A new paper by Transparency International’s Anti-Corruption Helpdesk draws on available literature and experiences from past humanitarian interventions to provide guidance to development practitioners. It finds that there are a number of actions that donors can take immediately to reduce their operational vulnerability to corruption, regardless of their existing level of preparedness.
- Recommendations included in the paper range from communication strategies to aid transparency initiatives and preventive safeguards in the area of procurement. In particular, donors should:
- focus on clear communication, setting the “tone from the top” that corruption is not a tolerable cost of doing business;
- be as transparent as possible (“open by default”) when it comes to their own budgets and activities;
- simplify and strengthen their internal preventive controls to the extent possible in light of the pressure to disburse funds quickly.
Embedding anti-corruption into emergency programming will necessitate being realistic and pragmatic. Realistic in the sense that, in the short term, there is likely to be a spike in the incidence of corruption in donor operations. As the total volume of funds increases so will new opportunities for the discretionary use of these resources.
At the same time, constraints on corrupt behaviour are likely to decrease as existing accountability mechanisms struggle to adjust to the new circumstances. Donors should acknowledge this risk, which entails being internally clear about their risk appetite as well as being open about their anti-corruption stance and policies with external audiences.
Pragmatism is also important. Development agencies should focus on the anti-corruption strategies and tools available to them that can be feasibly implemented immediately and reasonably expected to have some impact.
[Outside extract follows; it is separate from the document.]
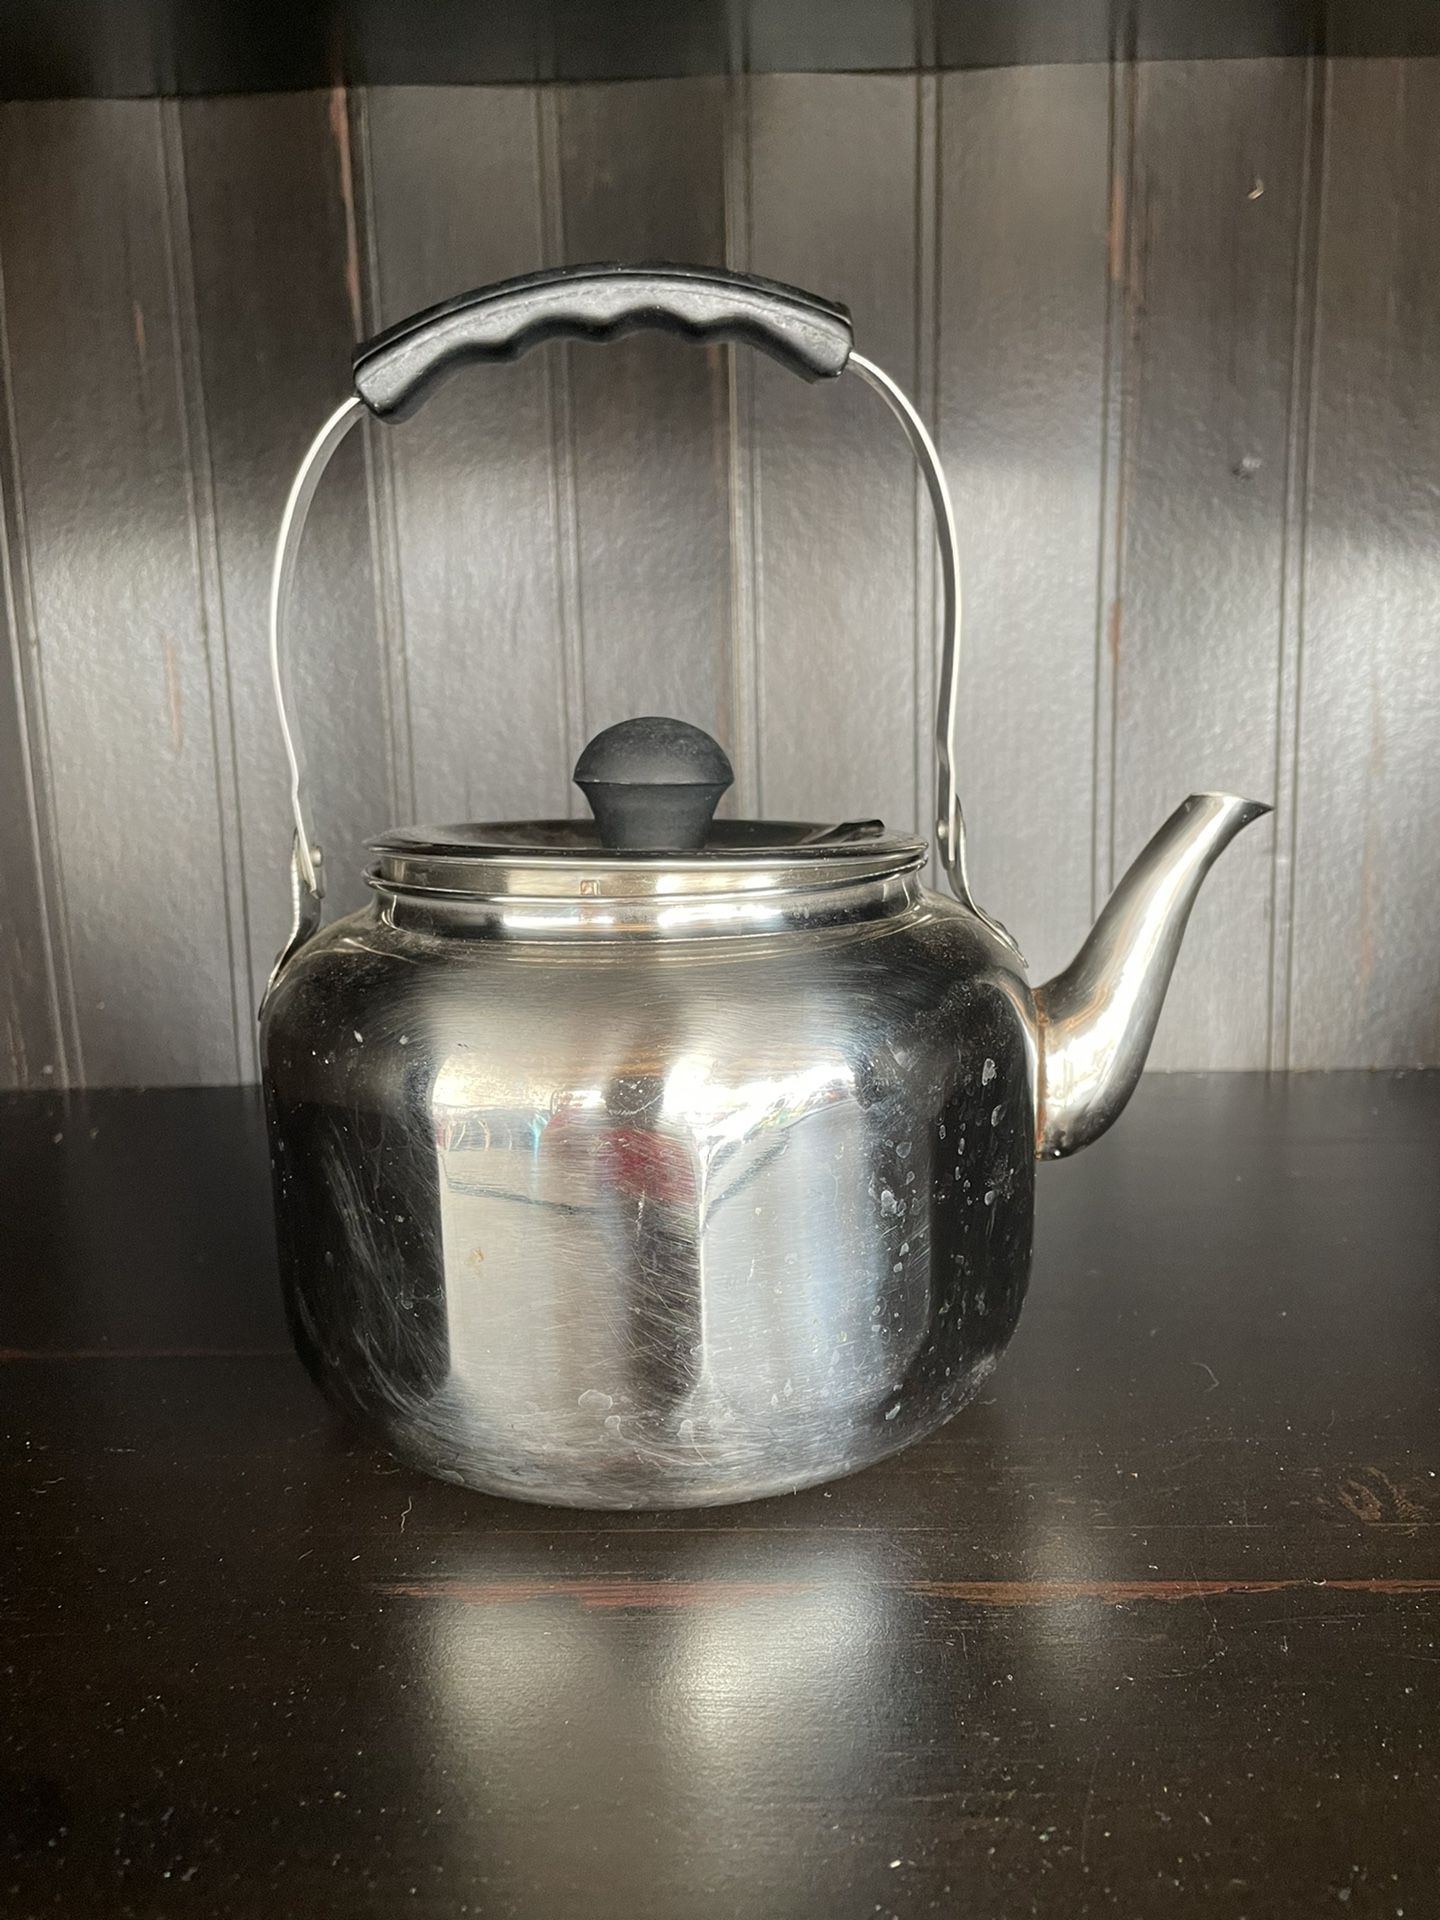 Vintage Farberware Tea Pot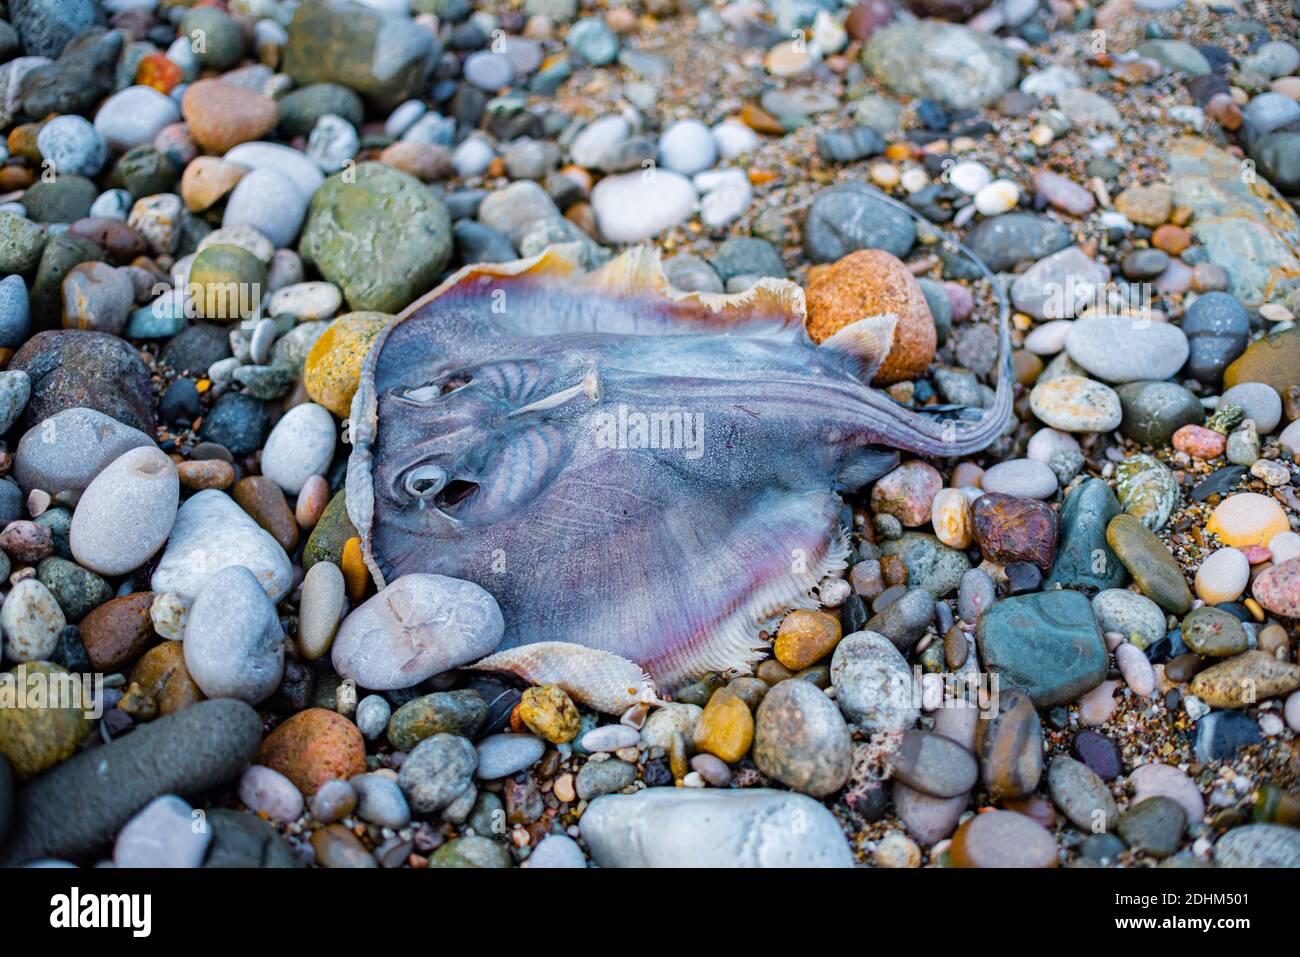 Mare nero Stingray, Stingray, Dasyatis pastinaca. Creature di mare morte sulla riva. Foto Stock

This will likely mean prioritising the management of corruption issues that donors are likely to encounter in their own operations.
Donors should also take pre-emptive steps to reduce the risk that corruption will undermine their emergency response. These include measures to ensure ex-post accountability after the crisis for decisions taken and money spent in the weeks and months after the initial emergency response. For instance, widely communicating the decision to set aside dedicated resources for evaluation and audit can potentially deter corrupt behaviour by conveying the sense that those with discretion over resources will have to account for their use later.
Unfortunately, corruption is occasionally seen as the cost of doing business in humanitarian contexts, especially where there is a perceived trade-off between exigency and due diligence. Yet it is clear from past emergencies that corruption prolongs humanitarian crises and raises their social, human and economic costs. Ultimately, therefore, effective corruption risk management will help donors “maintain control and effectiveness even when moving at high speed”.
In this sense, anti-corruption procedures and accountability mechanisms are some of the best instruments to ensure that humanitarian assistance is being used effectively and donors’ objectives are achieved.